Het wassen of schudden van speelkaarten is een manier om de kaarten in een willekeurige en onvoorspelbare volgorde te brengen, wat bij de meeste kaartspellen nodig is. Het wassen gebeurt meestal door de speler die ook de gever is.
Een populaire methode, bijvoorbeeld bij poker, is dat men de kaarten op een stapeltje in een hand houdt en ze in de andere hand gooit, steeds een aantal kaarten tegelijk. Dit wordt een paar keer herhaald.
Bij bridge geldt deze methode als incorrect. Men maakt twee stapeltjes, ongeveer even hoog. Beide worden met de duimen iets opgetild, waarna men de kaarten door elkaar op tafel laat vallen, zoals in de afbeelding. Ook deze procedure wordt een paar keer herhaald.

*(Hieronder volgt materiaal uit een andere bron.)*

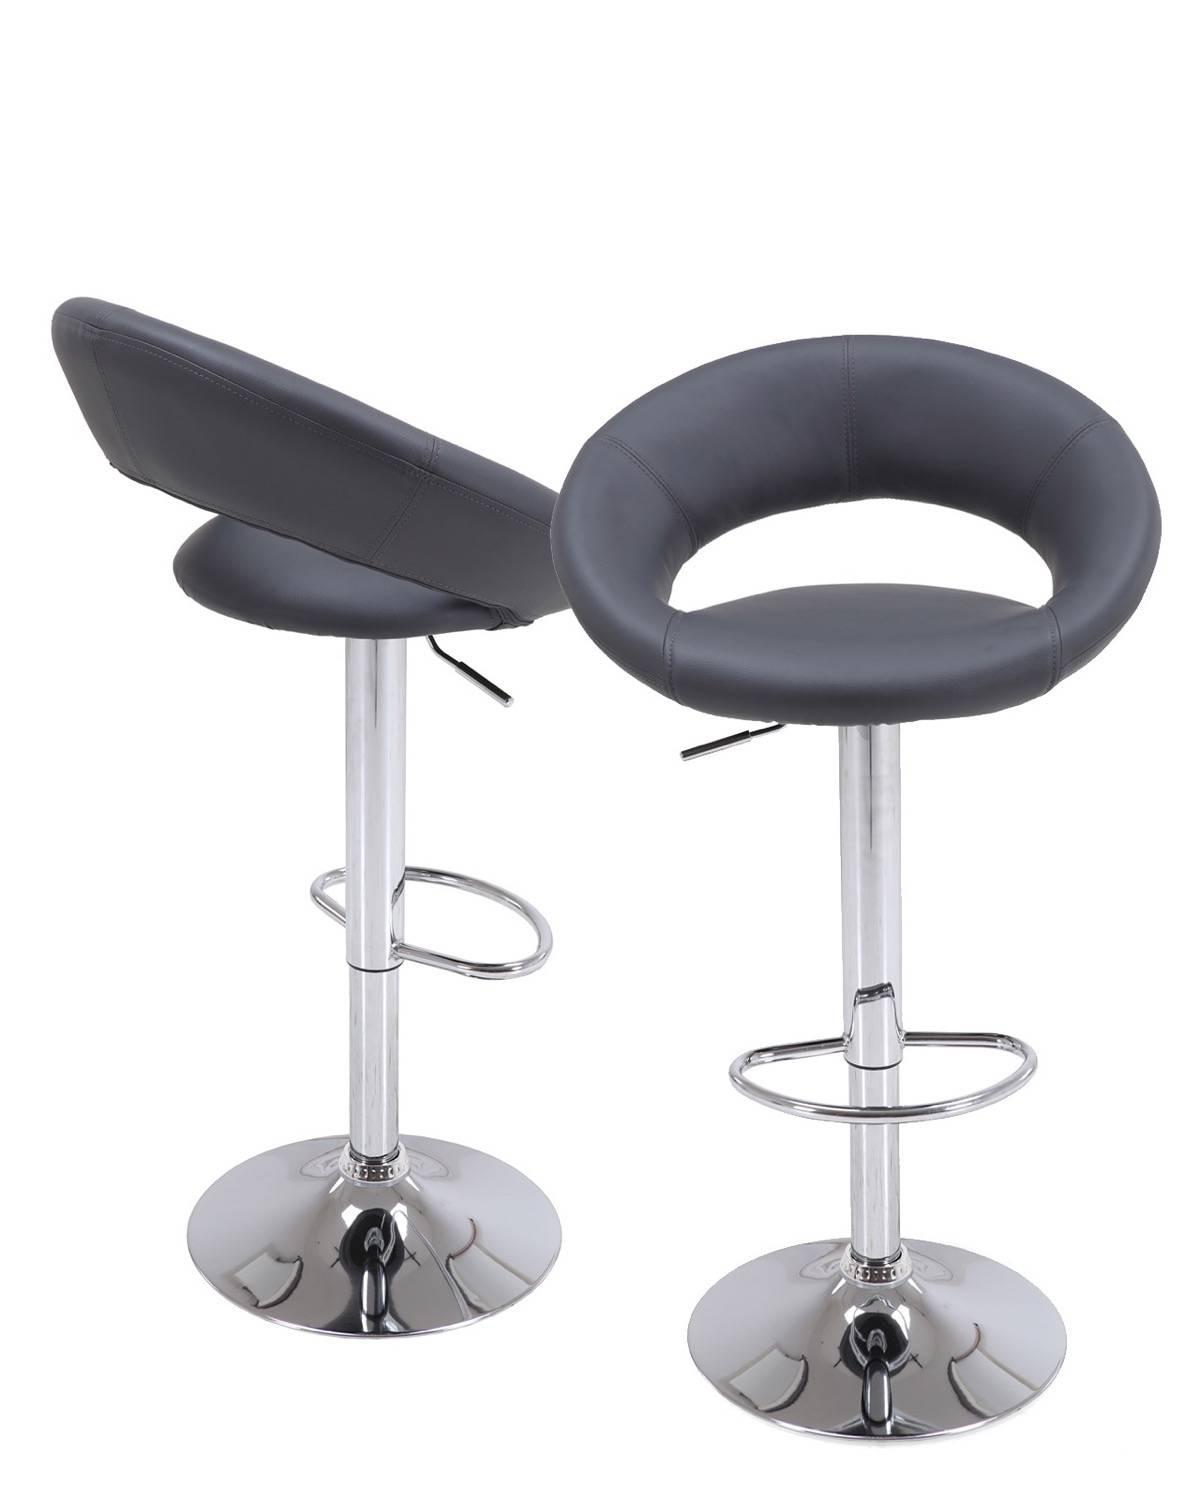 coda lot de 2 tabourets de bar design. Black Bedroom Furniture Sets. Home Design Ideas

Een kinderlijke methode van wassen is door de kaarten over de tafel uit te spreiden en vervolgens met beide handen in cirkelvormige bewegingen door elkaar te halen.
Na het wassen komt het couperen. De gever legt de stapel voor een tegenstander. Deze neemt er een aantal kaarten af. De gever legt de afgenomen kaarten onder de overige kaarten. Daarna kan het geven beginnen.